# Avid is doing cool things!



## immortalgropher (Feb 16, 2010)

For once lol.

By Frank Wells. 
Avid’s Pro Audio division announced today its first new hardware and software products developed under the Avid brand—flagship I/O options and a new software processing paradigm for Pro Tools|HD dubbed HEAT (Harmonically Enhanced Algorithm Technology). 

Tony Cariddi, segment marketing manager for professional audio at Avid tells _Pro Sound News_ that “now that we’ve come together as Avid, we’re more customer focused than ever before.” In ongoing evaluation of customer priorities, Cariddi says that two consistent concerns dominate: “The underlying steam for this launch is sound quality and flexibility.”

http://www.prosoundnews.com/article/30692


----------



## marco_ktl (Sep 6, 2009)

Sounds cool... except the price which is -as always- too high. :spend:
I wonder when they'll stop thowing all that money into PR and advertising.:scratch:

-Marco


----------



## spacedout (Dec 17, 2007)

I wonder when they'll decide to stop relying on a proprietary system. I don't see how it does them any favours anymore now that native systems are so powerful.


----------



## immortalgropher (Feb 16, 2010)

All I know is I so want the OMNI right now at this very moment.


----------



## spacedout (Dec 17, 2007)

Hmm, seems they're now making ASIO and Core Audio drivers available. Things are getting interesting...


----------



## Darnstrat (Jan 9, 2010)

AstralPlaneStudios said:


> For once lol.
> 
> By Frank Wells.
> Avid’s Pro Audio division announced today its first new hardware and software products developed under the Avid brand—flagship I/O options and a new software processing paradigm for Pro Tools|HD dubbed HEAT (Harmonically Enhanced Algorithm Technology).
> ...


Yes, the new HD hardware looks interesting. But, as stated previously, $$$$. There's a lot of rebellion in the Pro Tools forum, especially for the PT LE users who are still screaming for ADC.
I happen to like Pro Tools a lot and will continue to use it in spite of Logic and Reaper.

First reviews of HEAT are <yawn>.


----------



## ngarjuna (Mar 29, 2010)

Pro Tools is like a cautionary tale about ruining a virtual monopoly with bad business practices. When I started in studios Pro Tools was the only realistic choice for a professional DAW. Now you have professional producers jumping ship left and right (witness Kenny Gioia's REAPER tutorial series).
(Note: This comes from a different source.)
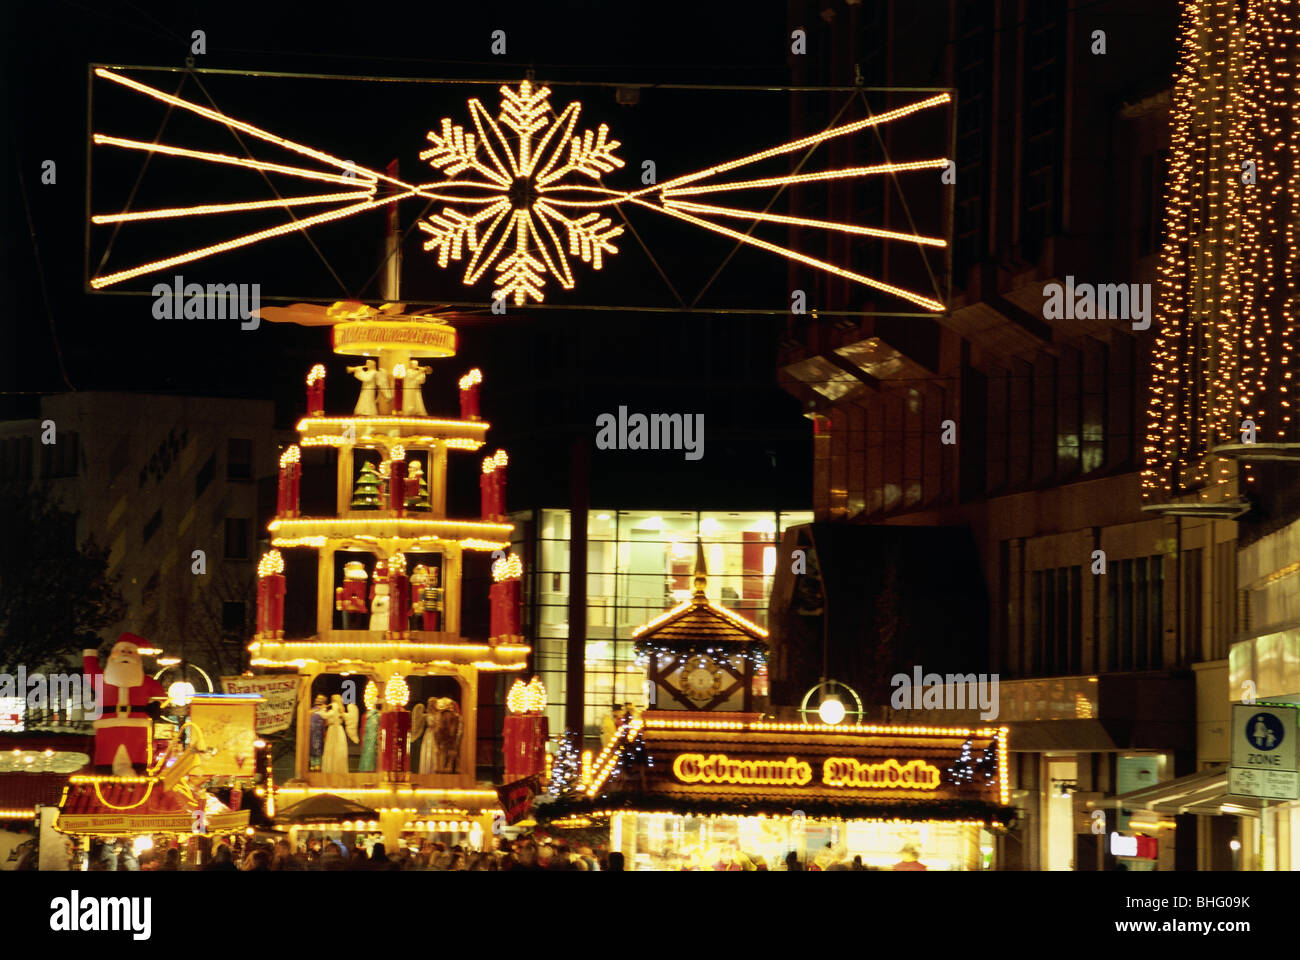 geography / travel, Germany, North Rhine-Westphalia, Dortmund, markets, Christmas market, pyramid, night shot, Additional - Stock Image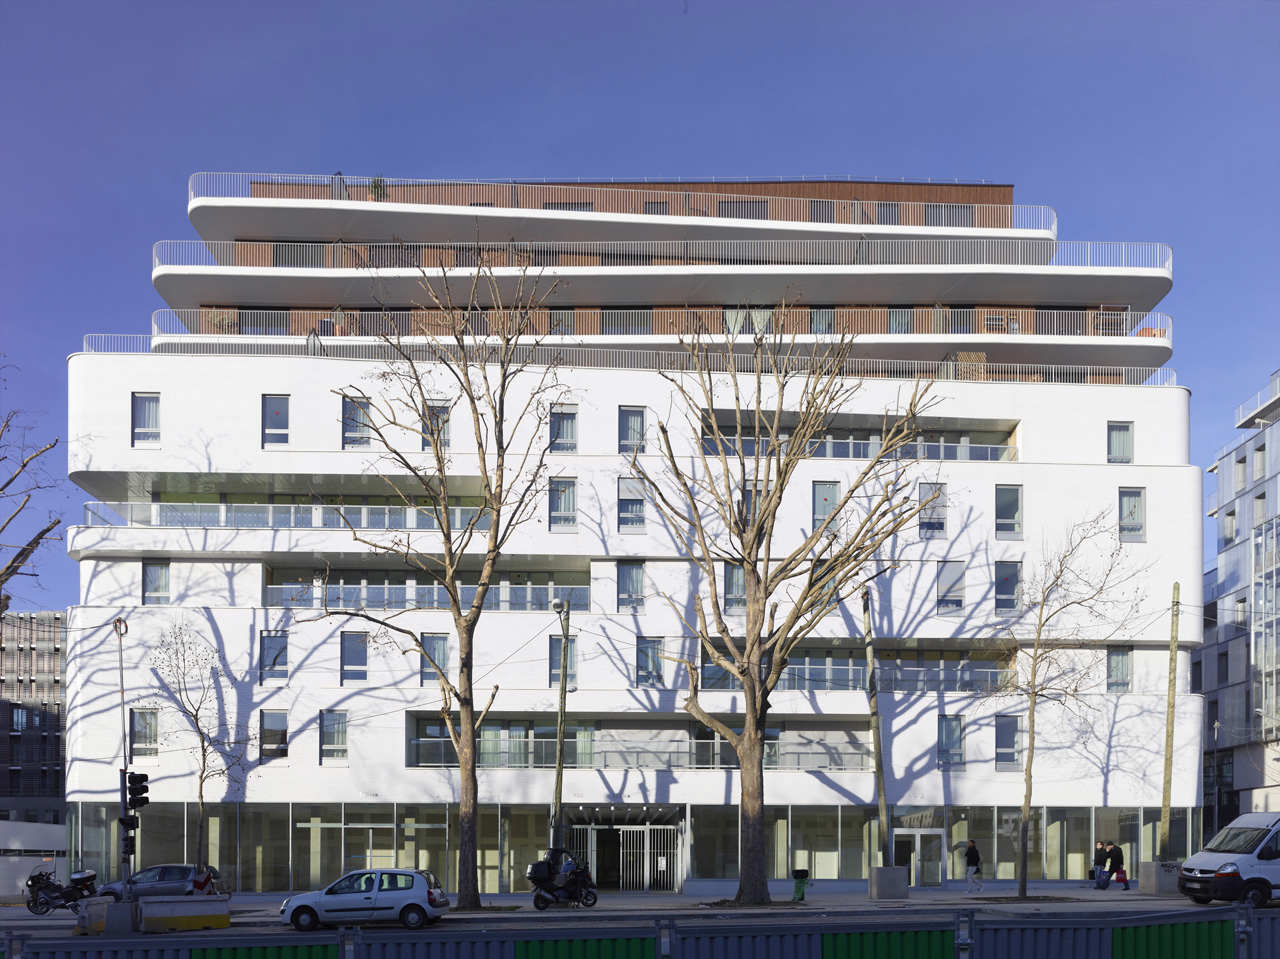 Zac Claude Bernard Multifunctional Building / Atelier Zündel & Cristea, © Stephane Chalmeau

They've burned their customer base consistently over and over again for years with bad policies and pricing that doesn't keep step with the times.

Even if they were to implement native/ASIO, it's too little too late; most of the other good DAW choices have been in that realm for years already. They might maintain some customer relationships that would have otherwise become rocky but to actually regain lost customers they're going to have to bring something new to the table. On one hand, Pro Tools has certainly done that before; but it was so many decades ago I wonder how they will actually be able to put out a progressive product. I'm skeptical.


----------



## immortalgropher (Feb 16, 2010)

I'm stickin with PT just because of comfort. Reaper is pretty awesome but it's not for me unfortunately. If I left PT I'd probably wind up with cubase 5.


----------



## ngarjuna (Mar 29, 2010)

It's really to everyone's advantage that there are multiple great tools out there now. Everyone except Pro Tools, that is, they're used to having the lion's share of the market and will have to significantly adapt to a shrinking block of that market. What might hurt Pro Tools the most are people who have it installed just to be able to read PTF sessions from other recordists for mixing; I know AATranslator has made some headway on the PTF file and will likely offer translation ability in the near future. That was a vestige of the ubiquitous Pro Tools market that they'll sorely miss even though those folks aren't actively recording/mixing in PT.

There's nothing wrong with Pro Tools as far as software goes; every host has its limitations and strengths. The problems they will have are due to the way they have treated the market and their customers who, now, have other real choices. If I were an RTAS only designer right now I'd be a little scared about what the future holds (as I furiously rushed to port my code over to VST/AU).


----------



## immortalgropher (Feb 16, 2010)

haha. Waves being #1 with the software issue.

If ptf files were cross-compatible, it would help everything out a ton tbh. It makes sense to me that if you have the most popular DAW out there, you'd want everyone to be able to utilize it in some form or fashion.


----------